Authors: Rita Mae Brown
Kate reappeared in the sick room. “That ought to give us another two weeks.”
“Thank you, Mrs. Vickers.” Gunther’s eyes misted.
Kate said, “I’ll do what I can to keep you here, Private. Perhaps you can stay as an orderly once you’re really back on your feet. I hope so. But if you try and escape, so help me God, I’ll shoot you myself.”
“Yes, ma’am, I believe you would.”
“Those two are thick as thieves again,” Mars grumbled to Banjo. Geneva and Nash were once again on very friendly terms.
“I pay it no mind.”
“What stuck in my craw was that Henley Chatfield let Jimmy have his room for two nights. And I take it Nash stayed there, too.”
“Where’d the good colonel sleep?” Banjo picked burrs out of his horse’s mane, deliberately seeming uninterested.
“Over at the Windsors’. Our house, as you know, was like the depot.”
“Best party I ever attended.” Banjo grinned.
“Except for that black devil hanging himself.”
“Love takes a man in strange ways,” Banjo continued as they rode up the Richmond, Fredericksburg, and Potomac Railroad track. They were right outside of Richmond, waiting for battle orders. “Knew a schoolteacher oncet. He explained to me that in ancient Greece an older man would love and care for a younger man until the young one grew a beard. He said it was a noble love. I said it might be noble in Greece, but you won’t get far with it here.”

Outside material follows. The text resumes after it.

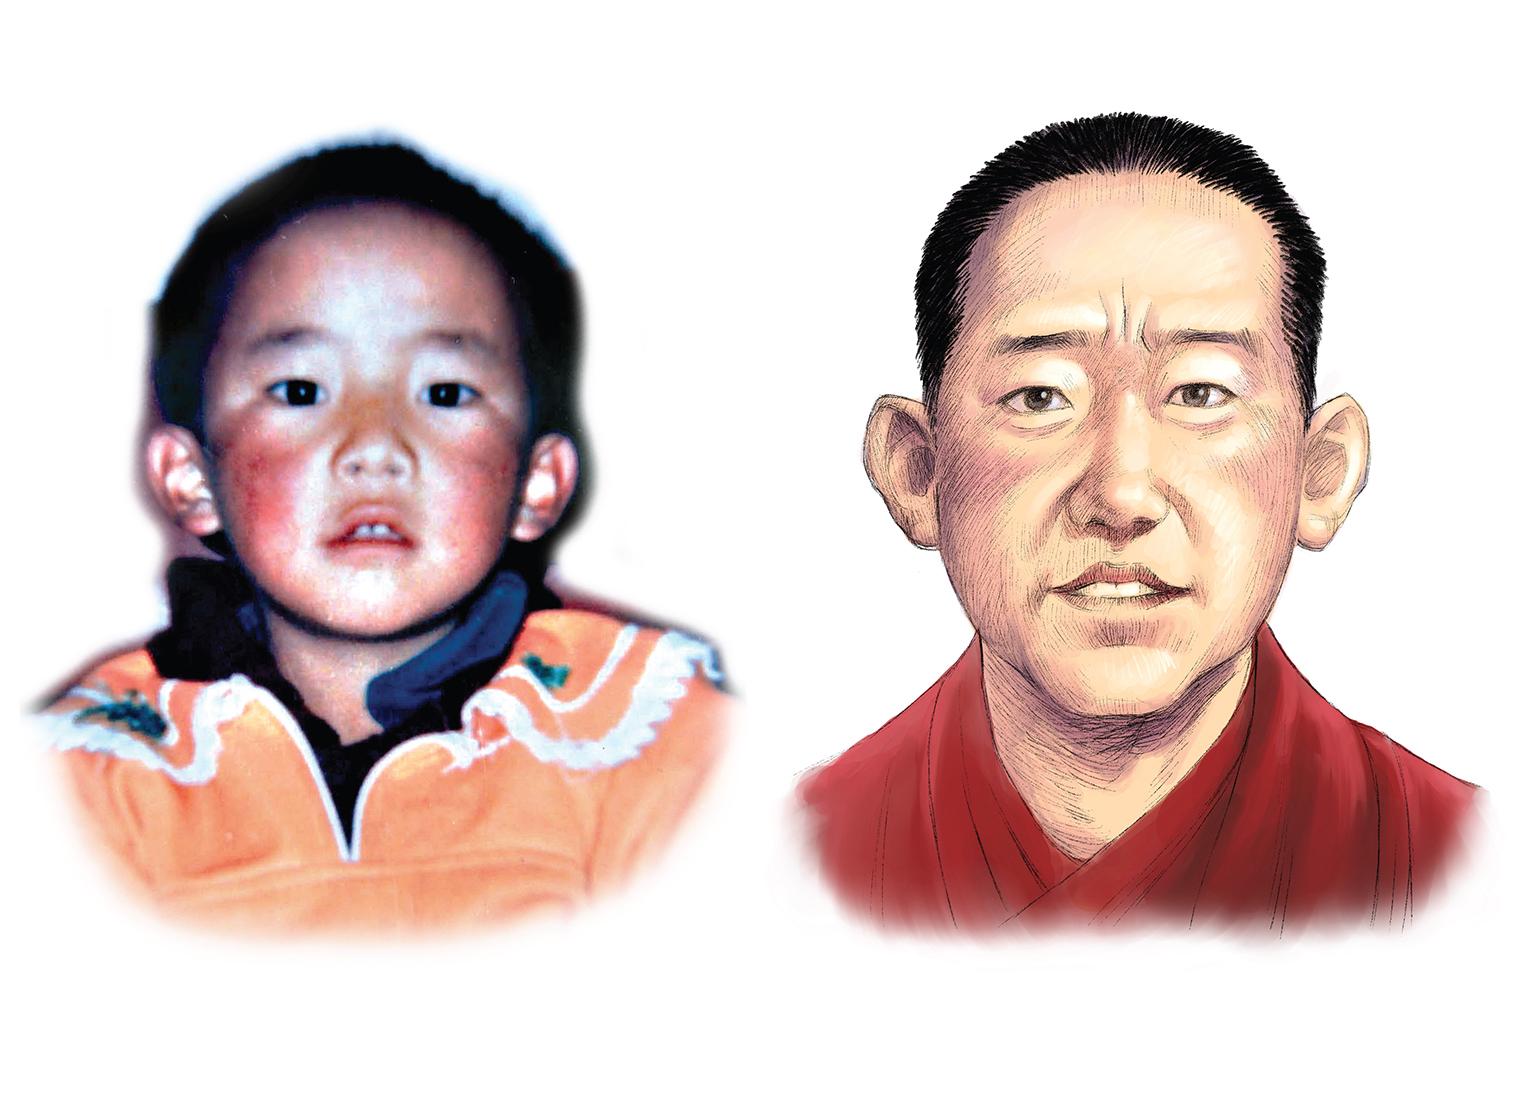 4月25日是失踪24年的十一世班禅喇嘛根敦确吉尼玛的生日,世人只有他儿童时代的一张照片。(变态辣椒)

Mars threw back his head and roared. “Go tell that to Jimmy!”
“Think I’ll wait for the beard first.”
Phoebe Yates Pember sent a message to Kate to evacuate the strongest of the men. By nightfall, with tearful good-byes, every man was out of the house except for Joseph Rutledge and Gunther Krutzer. Beverly Fyffe and Gunther were distraught at having to part, but Beverly promised once the war was over they would visit one another.
Lutie bought a church almanac for each wounded man. She read them Matthew, chapter 3, as it was the Feast of the Nativity of St. John the Baptist. She loved the part where John calls the Pharisees and Sadducees a “generation of vipers.”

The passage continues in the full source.